Becoming a hypnotist is a matter of knowing these things, but not paying much attention to them consciously. You have to trust the unconscious because you simply don't have time to collect all that data and do something brilliant with it. It is not you who has that kind of time integration. I remember the first time I really began to understand that, was when I heard a story about the Sufi who went to heaven and they asked who was there.

"It's me."

"Go away."

He was crushed, but finally he got back to work on himself and educated himself and overcame his pride and helped others. He went back and knocked again. Again he was asked who was there, and this time, with more humility, he said, "It is I."

"Go away."

This time he laid around and smoked hash for a year and forgot to tie his shoes and talked to himself like a fool. Then he pulled it together and helped his brother in law dig wells. Time passed. Then one day he went back to the Gates of Heaven and knocked again. "Who is it."

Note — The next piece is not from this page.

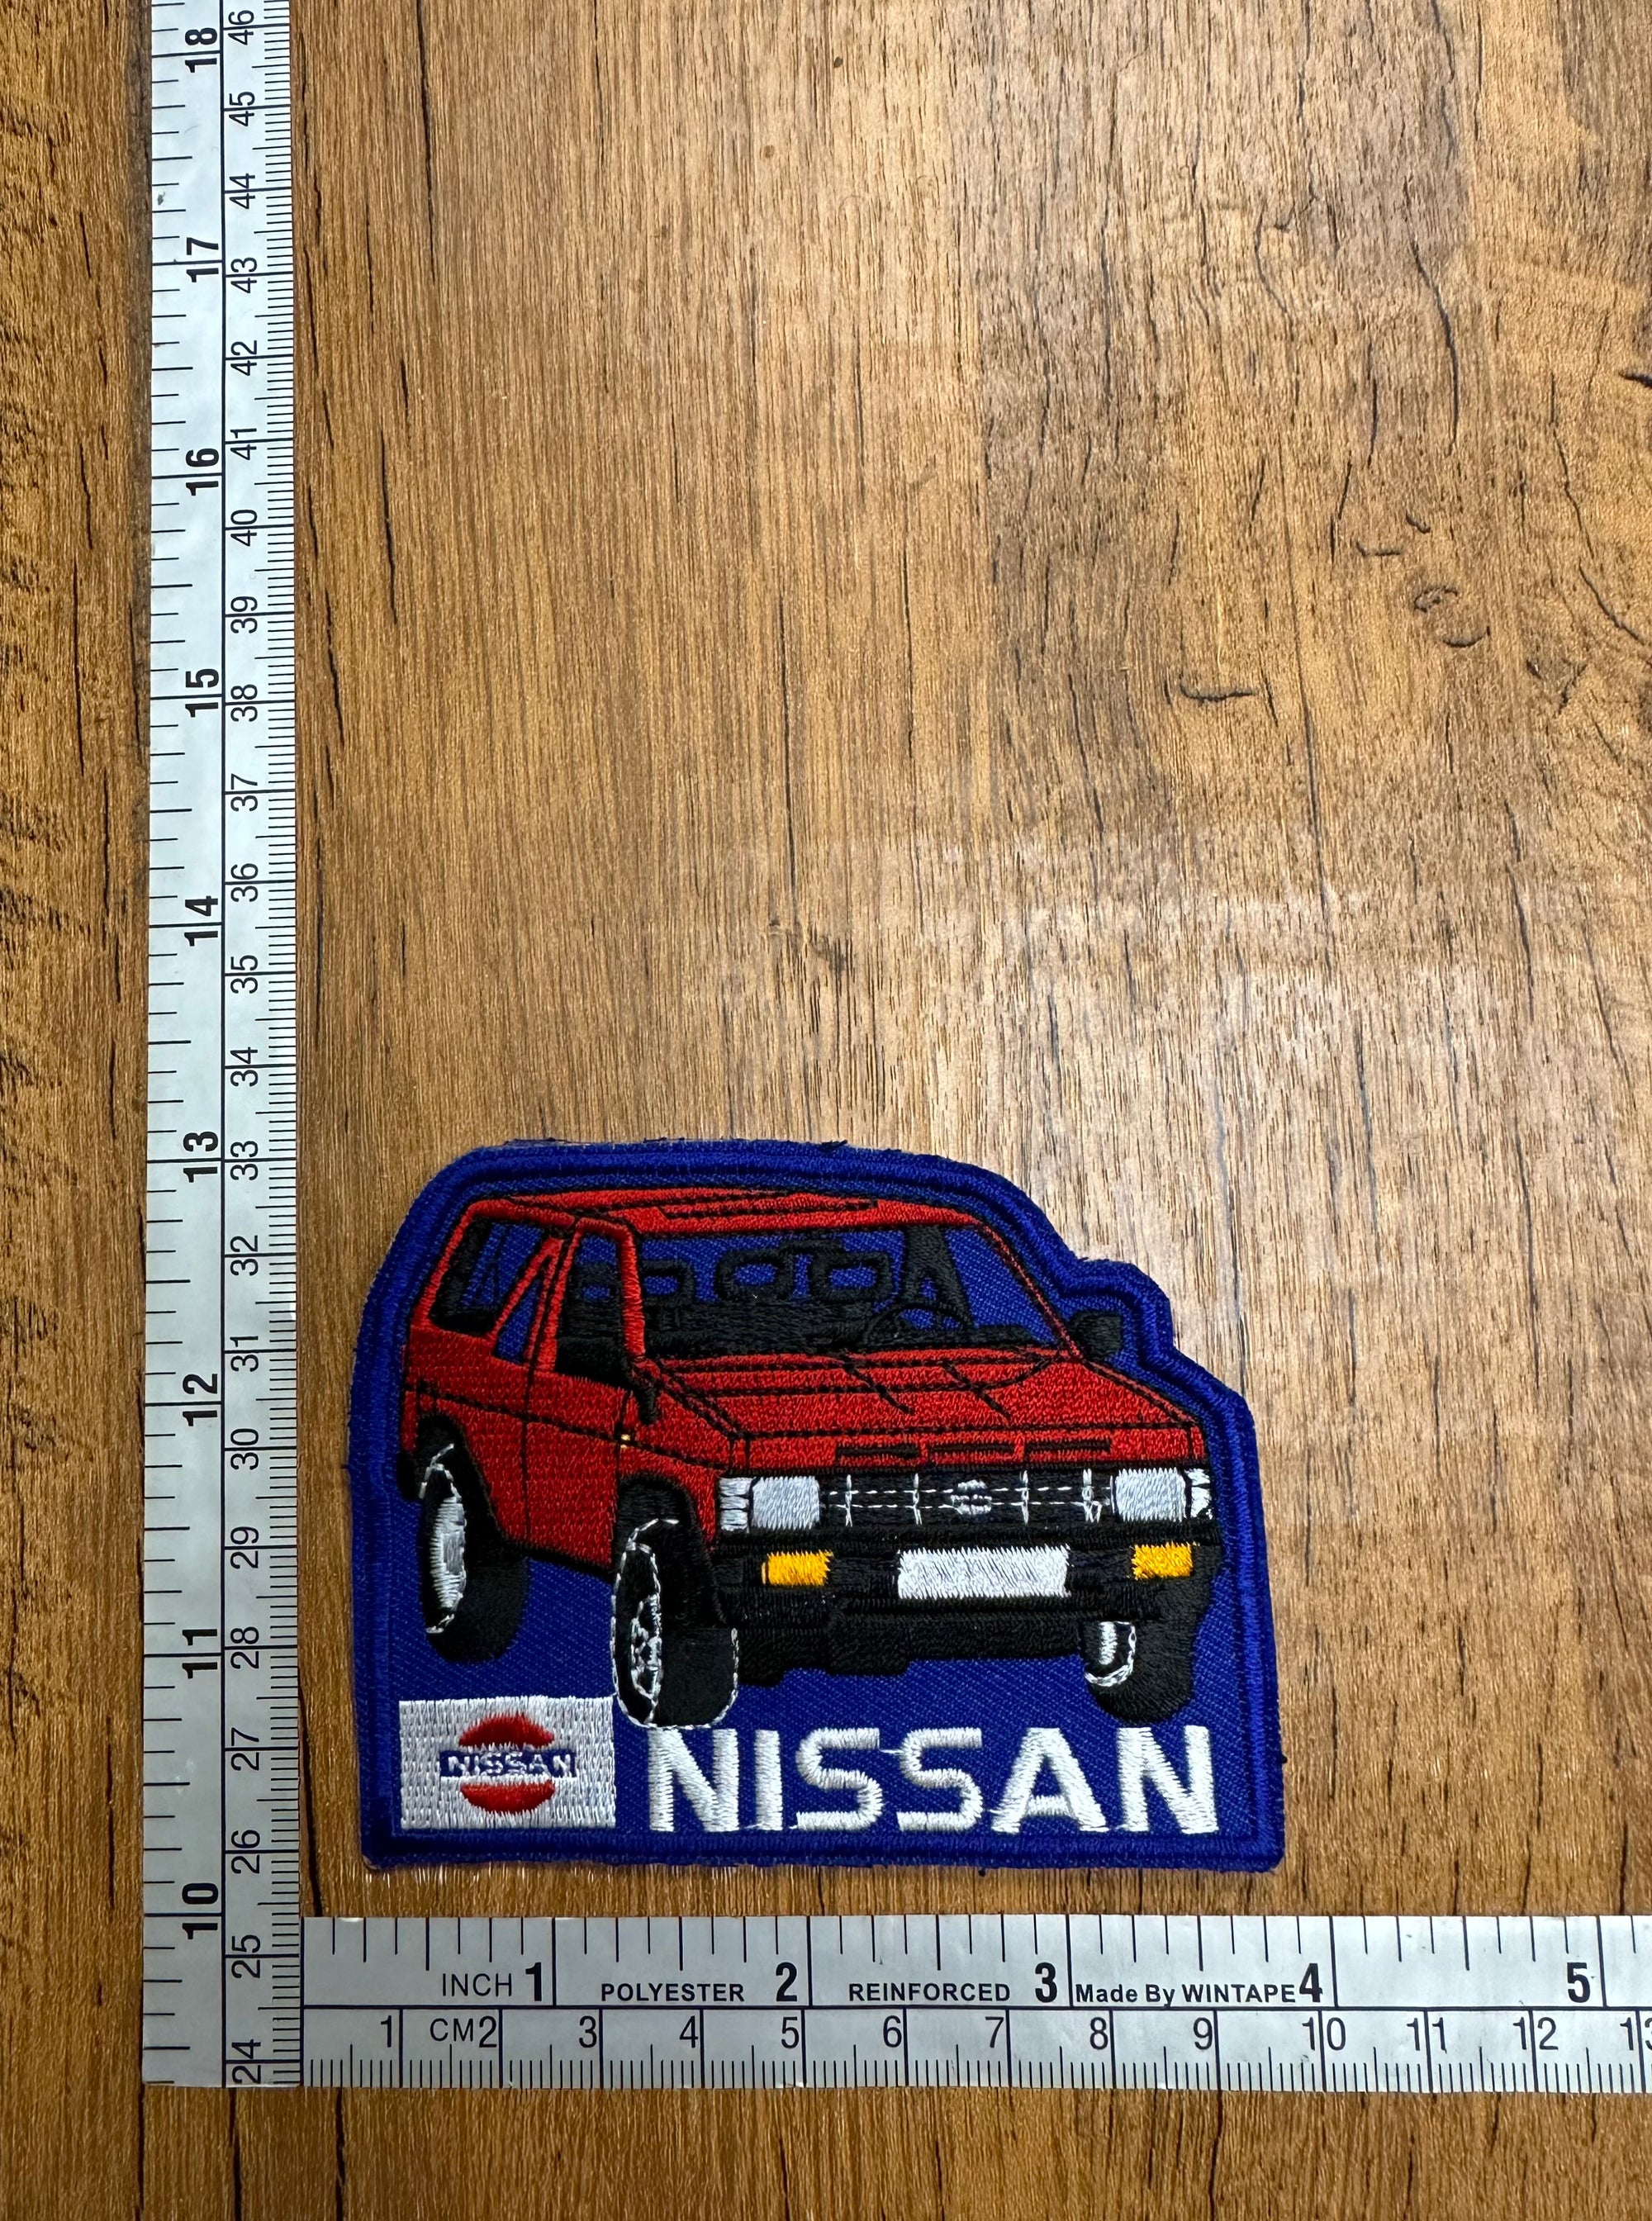 Vintage Nissan

"It isn't me. It is thee."

"Okay, come on in."

There are plenty of stories about the consequences of not doing what the better time integrated part of you wants to do. Jonah turned away from God and got swallowed by a monster from the deep. That is a pretty good description of a man being consumed by his mother's animus. In fact, I had a client who dreamed a variation on that theme. There was a whale or shark, now I forget, with a buzzsaw for a mouth, and it cut through a ship and wrecked havoc. That combination of beast and technology ripped through a sailor like he was made out of butter.

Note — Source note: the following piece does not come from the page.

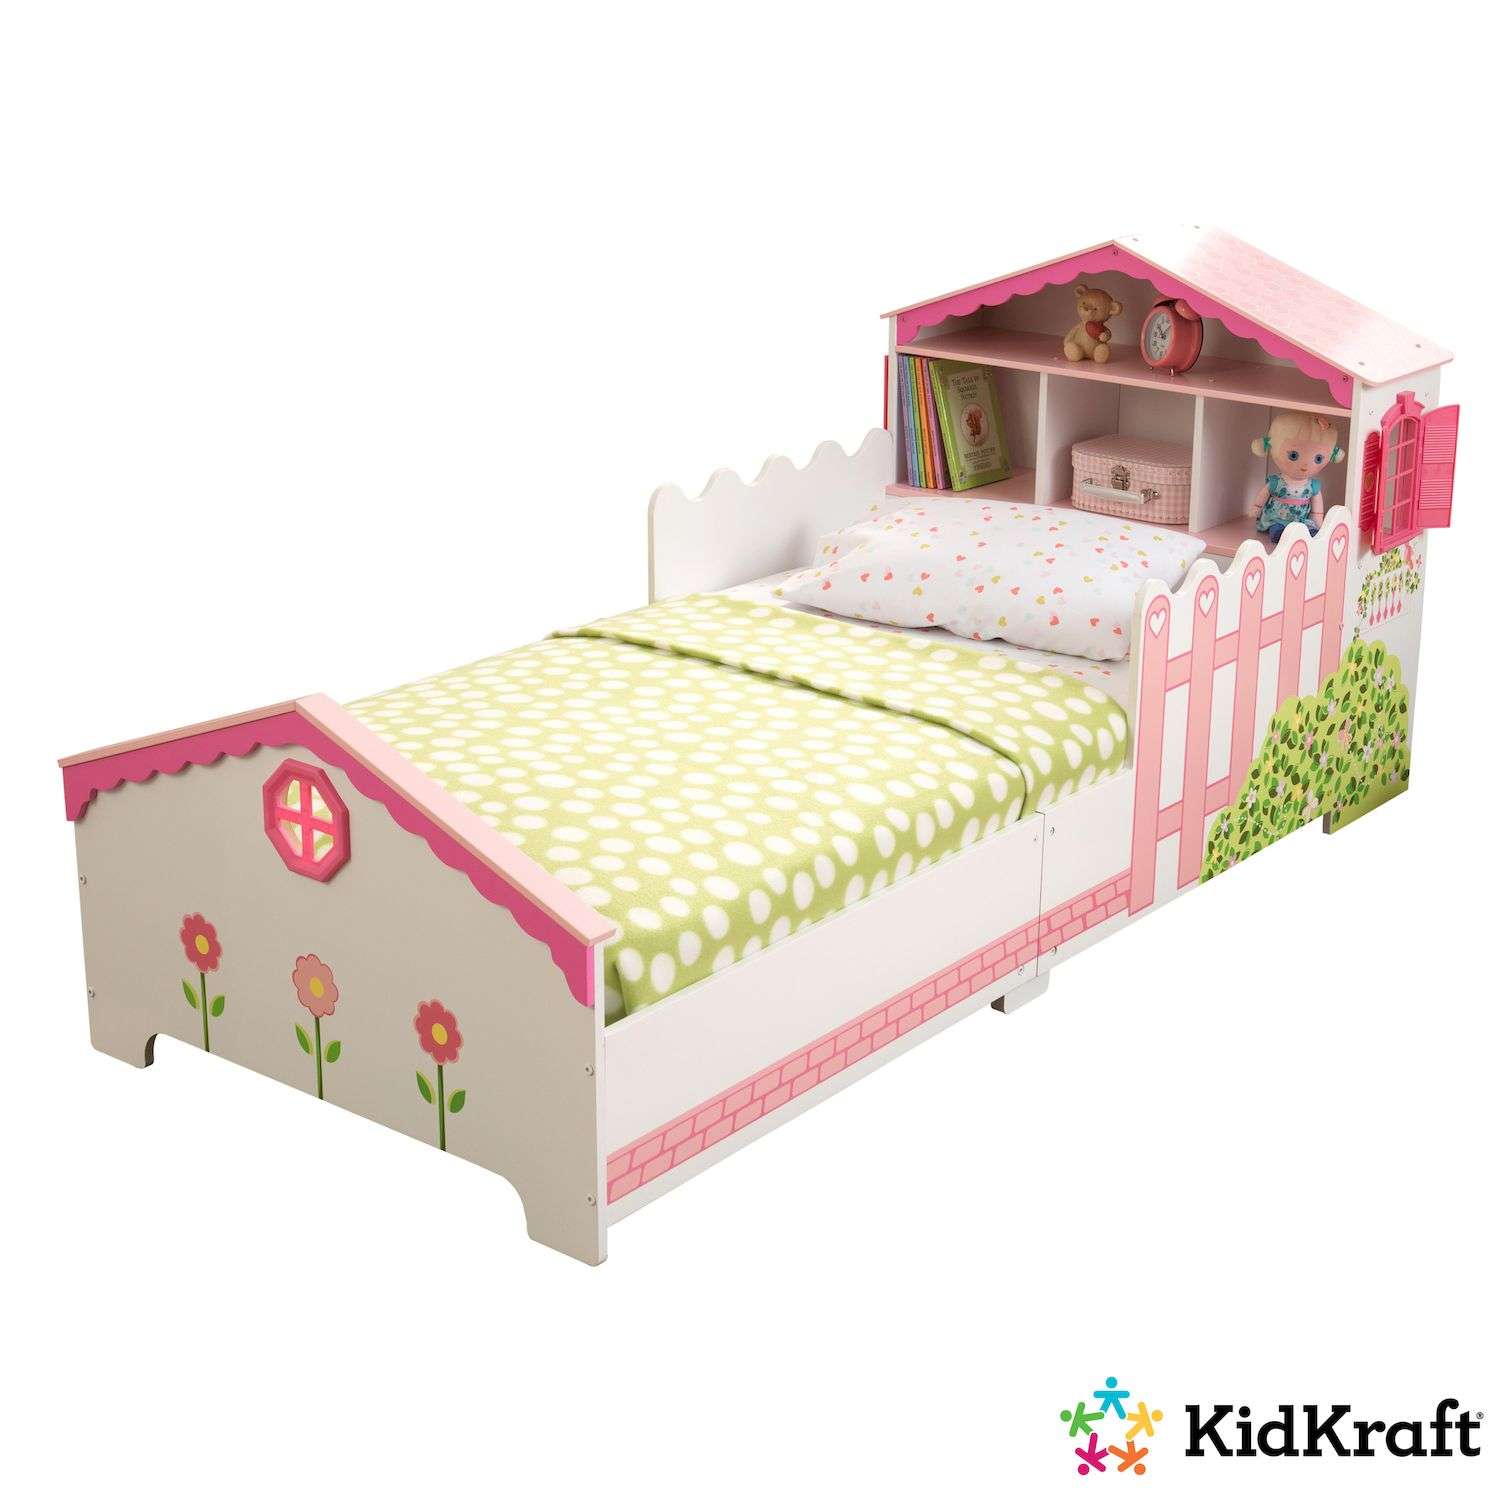 Кровать KidKraft Кукольный домик 76255_KE - фото 2

The unconscious is the sea, and when there is too much unconsciousness the water rises and in your dreams you find yourself in a flood situation. When there is too much consciousness you might find yourself on top of a shaky structure, with severe vertigo. There is no way out through the top and there is no way out through the bottom. As Dylan said, "You ain't going nowhere."

But that's not necessarily true. You can move into the center and begin to relate the conscious, masculine (that creative fire) into the body. Marion Woodman talks about it as infusing spirit into matter. And at some point you might realize that it really is not you, it is something larger, more time integrated, and with a better security clearance than you've got.

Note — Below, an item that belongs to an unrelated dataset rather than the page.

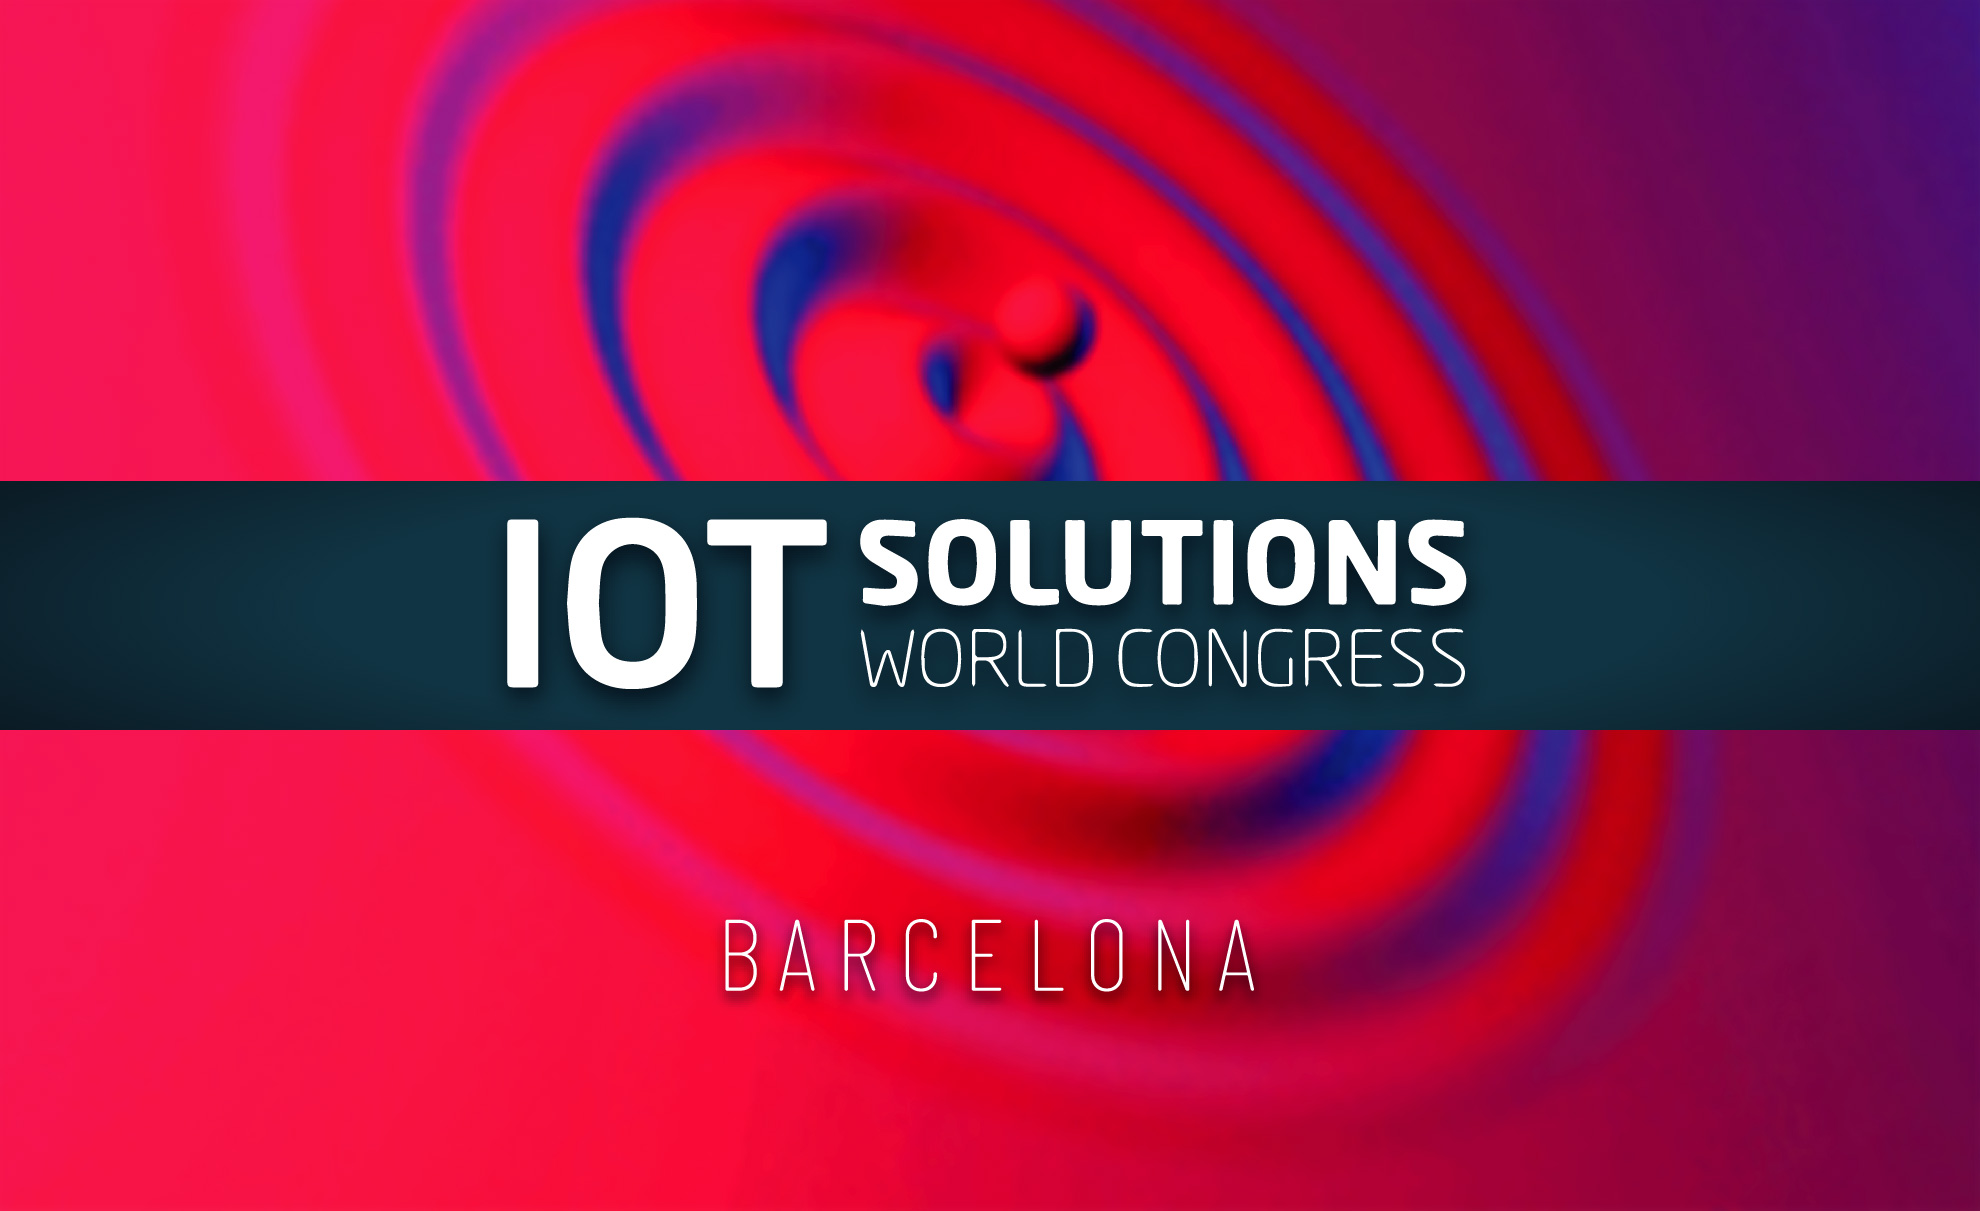 All’IOT Solutions World Congress di Barcellona le nostre ultime novità.

The oldest creation story recorded is that Father Sky was once right down on top of Mother Earth because they loved each other so much. But there was not room for new life. A new hero came who braced against them, feet and hands, and pushed Father Sky away, creating room for new life. This is what the ego does. It creates space between what is already materialized, and what exists in Spirit, or potentia. It doesn't get hauled off down under the sea by the mother's animus and it doesn't get hauled off into the sky by inflationary pressures.

It finds a pleasing balance.

Understanding the need for balance is one thing, but converting it into a hypnotic induction is something else. You can't put somebody in a trance and tell them all that. In the first place a trance depends on suspension of the inductive process, and that is almost all inductive process. So the entire thing has to be taken down to a single image.

What I have often used is having the client imagine that he or she is doing a piece of artwork, a painting in which they are finding the balance between the cultivated fields, the farmhouse and grounds, and the surrounding wild nature, where the laws move from beneath, upward, as in any natural ecosystem. As you move into cultivated property, the rules come from the top down and are imposed on nature.

By working with this image, I instruct the client to find the pleasing balance between these two elements of the artwork. The active imagination is like a dream process, and the unconscious will appreciate the movement away from trying to impose even more rules from above on it. The unconscious is completely amoral, as you can easily observe from looking at dreams. So in general there is a great deal of relative value in recognizing the unconscious, or bottom up ecosystem design, as an equal to Pi in the sky.